The Washington-based multilateral lender said it was maintaining its growth forecast for gross domestic product (GDP) for the Philippines for 2018 and 2019 "despite increasing global uncertainty."

However, its forecasts were below the target range of 7-8. The Philippine economy grew 6.7% last year, one of the fastest growing economies in the world. 39; Asia.

While keeping the projections of GDP growth, the World Bank said that data, the composition of expected growth was revised "compared to estimates made last April.

" Given recent fiscal trends , growth in public consumption has been revised upwards, Private consumption growth is expected to increase by 5.9% in 2018 and by 6.2% in 2019. Investment growth has been slightly improved thanks to the growth of private consumption. 39 increase in public capital expenditure, including the increase in infrastructure spending. The World Bank has not mentioned its updated forecasts of growth in public consumption and gross fixed capital investment, but last April's projections were 8.9% and 11.8% respectively.

The latest data from the Treasury Office showed that public expenditure on public goods and services from January to May jumped by 25% to P1,331 billion compared to P1,060 billion in the same period last year. last year.

For five months, public spending on infrastructure and other capital expenditures rose 42.4 percent to 280.8 billion yuan, up from 197.2 billion a year earlier (19659005). it is expected that real GDP growth will increase by the end of 2018 and in the first half of 2019 with higher election-related public spending, "said the World Bank, referring to the mid-term elections of the Next year

. "The Philippines will be able to reach its 6.5-7.5 per cent growth target in the medium term," said Birgit Hansl, chief economist of the World Bank for the Philippines

. Hansl added:

The latest data from Bangko Sentral n Pilipinas showed that foreign direct investment generating employment during the period from January to April recorded net inflows of $ 3.2 billion. 52.3% of the total investment pledges of foreign and Philippine companies to 185 billion in the first quarter compared to the same period last year.There is 21.5 billion dollars there is a year, l The most recent data from the Statistical Authority of the Philippines have shown.

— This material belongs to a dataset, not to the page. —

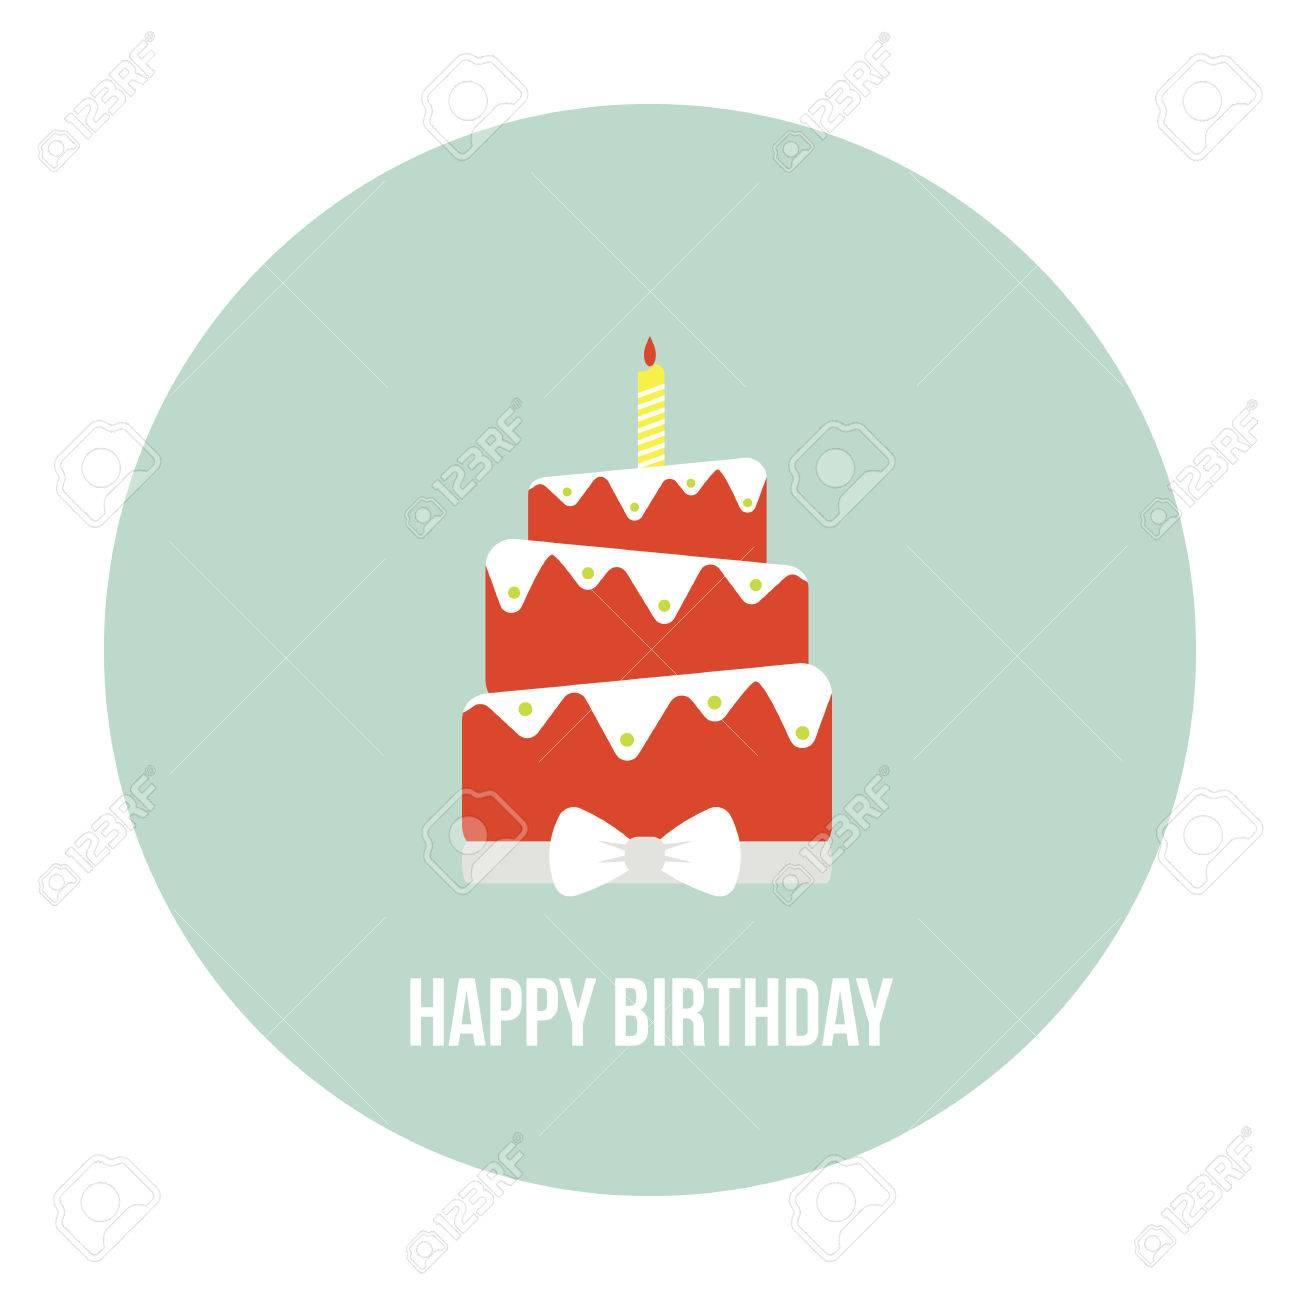 Astonishing Birthday Cake Illustration With Type On A Circle Background Funny Birthday Cards Online Amentibdeldamsfinfo

Local investors accounted for 170.8 billion pesos, or 92.3 percent of the quarterly approvals of seven investment promotion agencies from January to March. foreign investor commitments fell 37.9 percent year-on-year to 14.2 billion in the first three months, the lowest quarterly commitment since 2010.

The World Bank also stated that "exports , a growth engine for the Philippines The most recent EPS data shows that merchandise exports at the end of May fell to $ 26.9 billion from $ 28.3 billion in the previous year. [previous year]

months, the Cabinet-level Development Budget Coordination Committee (DBCC) reduced the 2018 merchandise export growth target to 9% from 10% previously.